Kelima, masyarakat dilarang keras mengonsumsi bangkai. Jika ada yang membagikan atau menjual daging bangkai, langsung diberikan sanksi tegas. Jika diperlukan, pemerintah dapat memberikan santunan pada warga yang hewan ternaknya mati agar tidak ada jual beli bangkai.
Tentunya semua program tersebut dianggarkan pembiayaanya melalui kas negara (baitulmal) yang secara khusus diposkan untuk kesejahteraan umat. Namun perlu disadari bahwa mekanisme seperti ini hanya bisa diterapkan manakala Islam menjadi ideologi negara dan diterapkan dalam institusinya. Jika Islam diterapkan, dapat dipastikan warga akan bebas dari kemiskinan dan hidup sejahtera.

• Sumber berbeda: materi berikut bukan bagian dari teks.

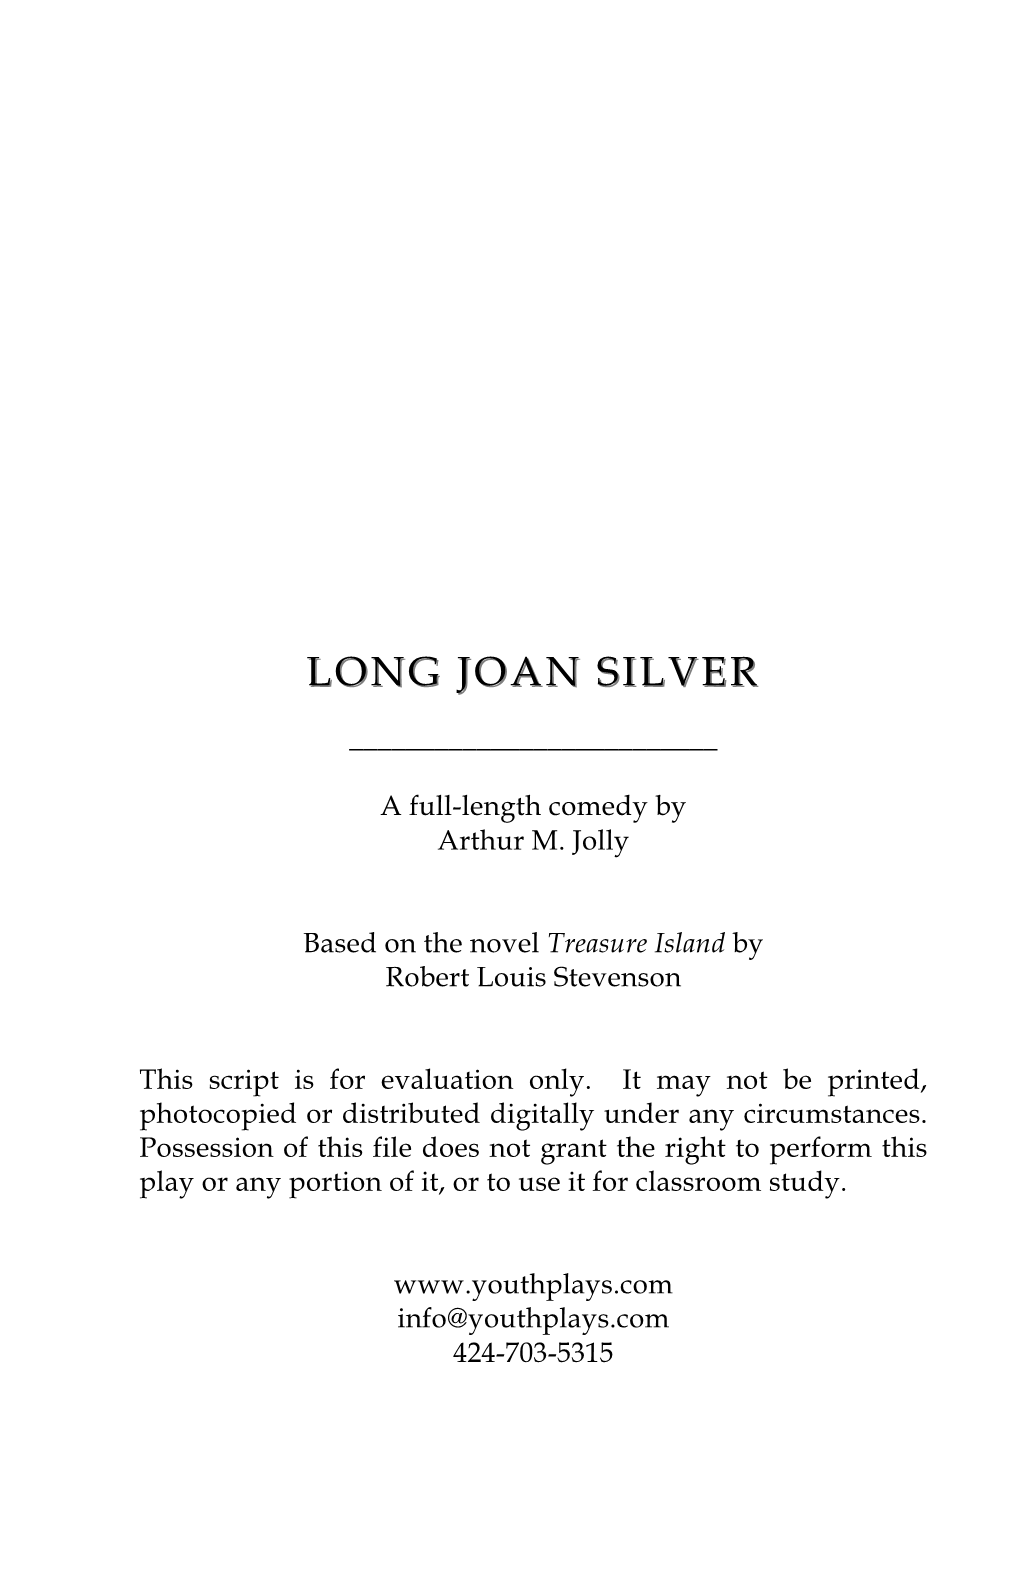 Long Joan Silver Long Joan Silver

Selain itu, warga juga akan memperoleh jaminan makanan yang halal dan tayib sebagai bentuk ketaatan kepada hukum Allah.
Wallahu a'lam bishawab[]
Jujur, baru tau ada budaya seperti inj.. memilukan..
Semakin terasa butuh penerapan Islam yang paripurna. Di sistem saat ini, seseorang untuk bisa bertahan hidup terpaksa melakukan apa saja termasuk makan makanan yang membahayakan. Penguasa lalai menjamin kesejahteraan dan memastikan distribusi makanan yang sehat dan halal. Tapi, memang begini dalam sistem saat ini. Buruk.

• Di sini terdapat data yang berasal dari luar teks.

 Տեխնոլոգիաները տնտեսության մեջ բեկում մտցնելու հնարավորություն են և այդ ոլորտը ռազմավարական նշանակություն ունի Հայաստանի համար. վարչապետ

Akibat penerapan sekularisme kapitalisme inilah berbagai tradisi yang membahayakan dan bertentangan dengan Islam banyak terjadi. Salah satunya adalah budaya brandu. Sistem ini pula yang menyebabkan kemiskinan, kebodohan, dan abainya negara sebagai pengurus rakyat terus terpelihara. Saatnya sistem rusak ini dibuang jauh dan diganti dengan sistem Islam.
Budaya brandu menjadi bukti rusaknya sistem kapitalis. Karena masyarakat hingga turun tangan untuk menangani hewan yang sakit agar tak merugikan peternak, meski nyawa menjadi ancaman. Inipun membuktikan pula bahwa kemiskinan nyata adanya. Pemenuhan kebutuhan pokok yang harusnya menjadi tanggung jawab negara, nyatanya individu menanggung beban sendiri.
Memang benar. Budaya brandu tak lepas dari peran negara sebagai pengurus rakyat. Seharusnya ini bisa dihindari mengingat kasus semacam ini bukanlah yang pertama kali.
Budaya bradu jelas dilarang Islam. Meskipun tujunnya baik tetapi di dalamnya mengantarkan mudhorot seharusnya jangan dilestarikan. Budaya ini menjadi bukti bahwa agama hanya sebatas ibadah ritual sehingga kaum muslim tidak memahami wajibnya memakan makanan yang halal dan thayib. Juga bukti abainya penguasa terhadap kesejahteraan rakyatnya.